In the previous chapter some of the philosophers talk about wealth, while others about income. As in most complex issues they are interlinked, but the strength of the link depends on circumstances. However most of the studies done on the subject have been about income. Mostly this is due to better data for income compared to wealth statistics. This paper focuses on income, but uses several studies about wealth inequality as well.

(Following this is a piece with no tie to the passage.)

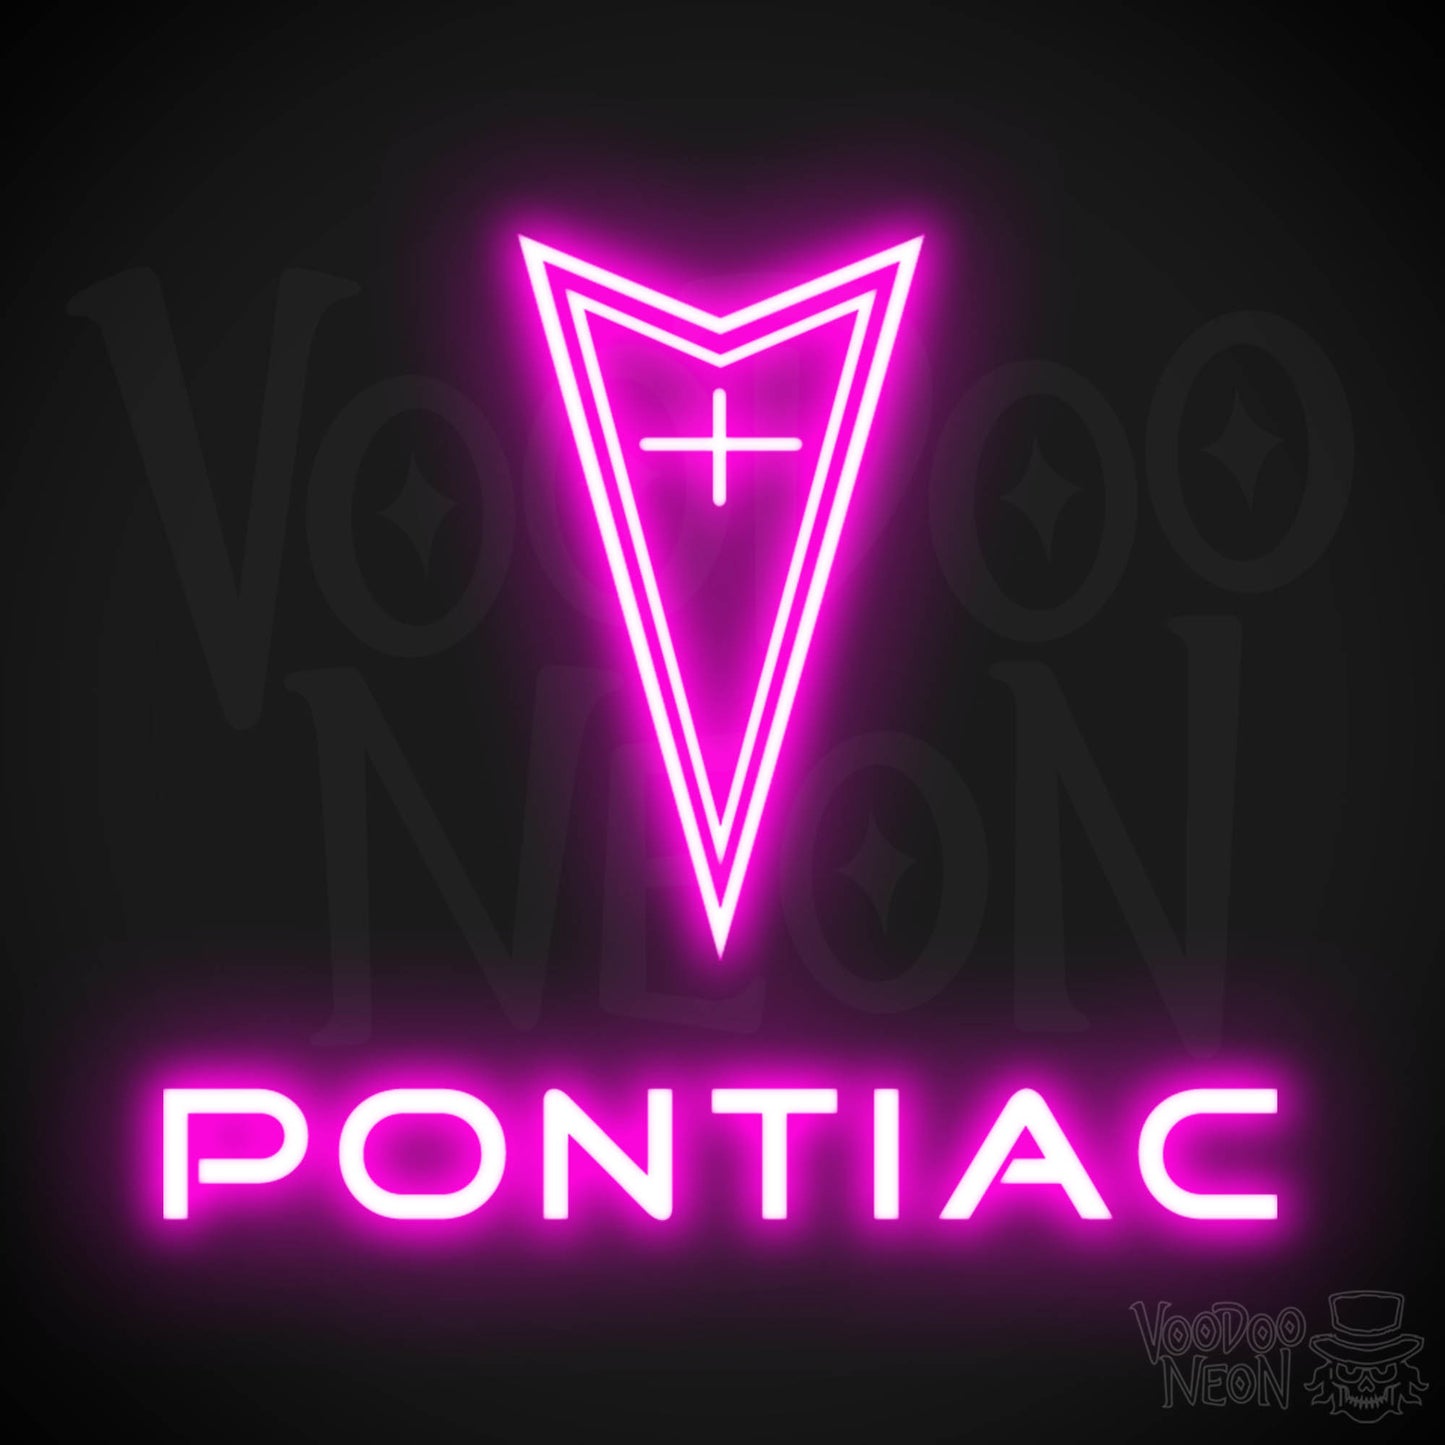 Pontiac Neon Sign - Pontiac Sign - Pontiac Decor - Wall Art - Color Pink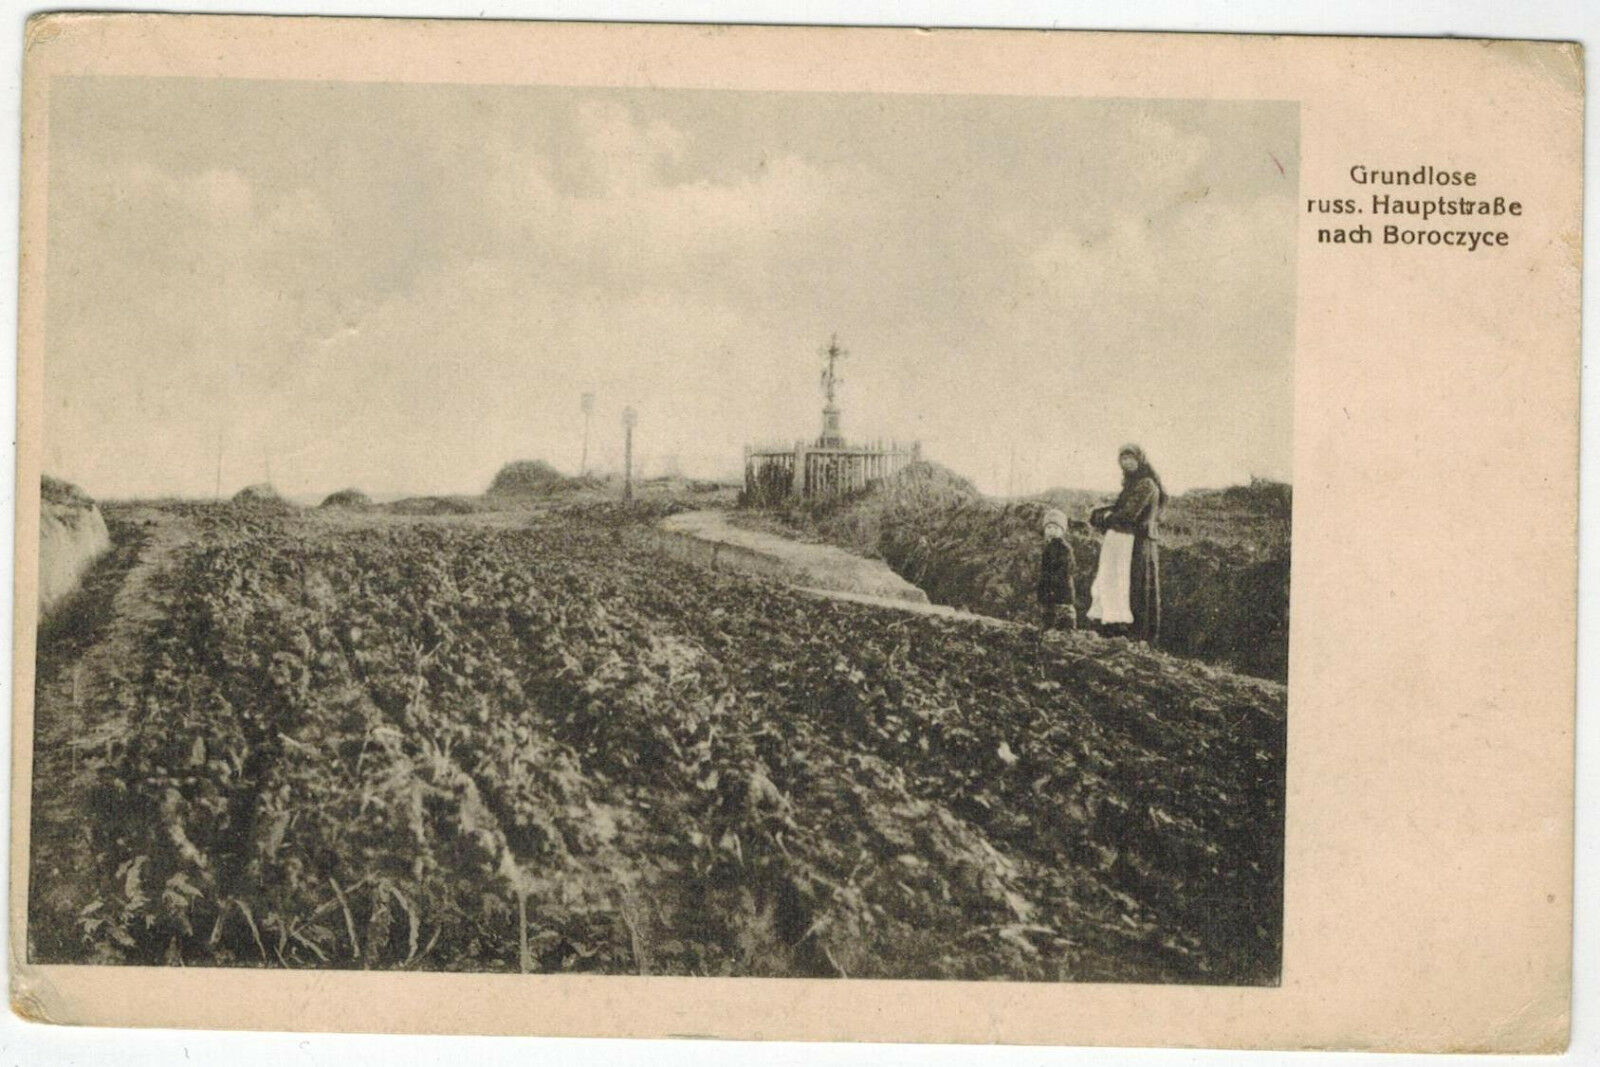 Hard Road to Boroczyce, West Ukraine, 1917, via German Fieldpost to Germany

Simon Kuztner’s influential paper in 1955 tried to answer a question that was unanswered at the time. The question was: “…how income inequality changes in the process of a country’s economic growth…” (Kuznets, 1955: 3). It is quite amazing to realize that some of the questions Kuznets poses in 1955 have only been answered during the last few years (at least in economics, as Kuznets originally ponders if researchers in sociology or demography would have answers even during his time). See for example the phenomenal work by Chetty, Hendren, Kline, Saez and Tuner (2014) or Chetty, Gursky, Hell, Hendren, Manduca and Narang (2017). Especially as inequality and growth was one of the most important issues in classical economics, where inequality was seen as necessary so those higher in the economic ladder could save relevant amount of their income thus creating investment.
What Kuznets found (or thought he had found as he did admit later in his paper: “The paper is perhaps 5 per cent empirical information and 95 per cent speculation…”) (Kuznets, 1955: 26) was that inequality of income distribution increases during the early stages of development (within countries) but decreases as these economies reach later stages of development (Ibid, 1955: 22-25). He also included his remarks that: “…speculation is an effective way of presenting a broad view of the field; and that so long as it is recognized as a collection of hunches calling for further investigation rather than a set of fully tested conclusions, little harm and much good may result.” (Ibid, 1955: 26). If
only all who read his paper actually understood this caveat, as his findings were later used as stylized facts and illustrated as Kuznets curve as seen in Figure 1.
It was only during the 90’s when better data allowed Deininger and Squire (1998) to conclude: “there appears to be little systematic relationship between growth and changes in aggregate inequality.” In some specific regions the relationship was negative, so negative economic growth could increase inequality even at earlier development stages (in this case Eastern Europe and Central Asia after 1990 as they transition from central planning to something else). (Ravallion & Chen, 1997: 370).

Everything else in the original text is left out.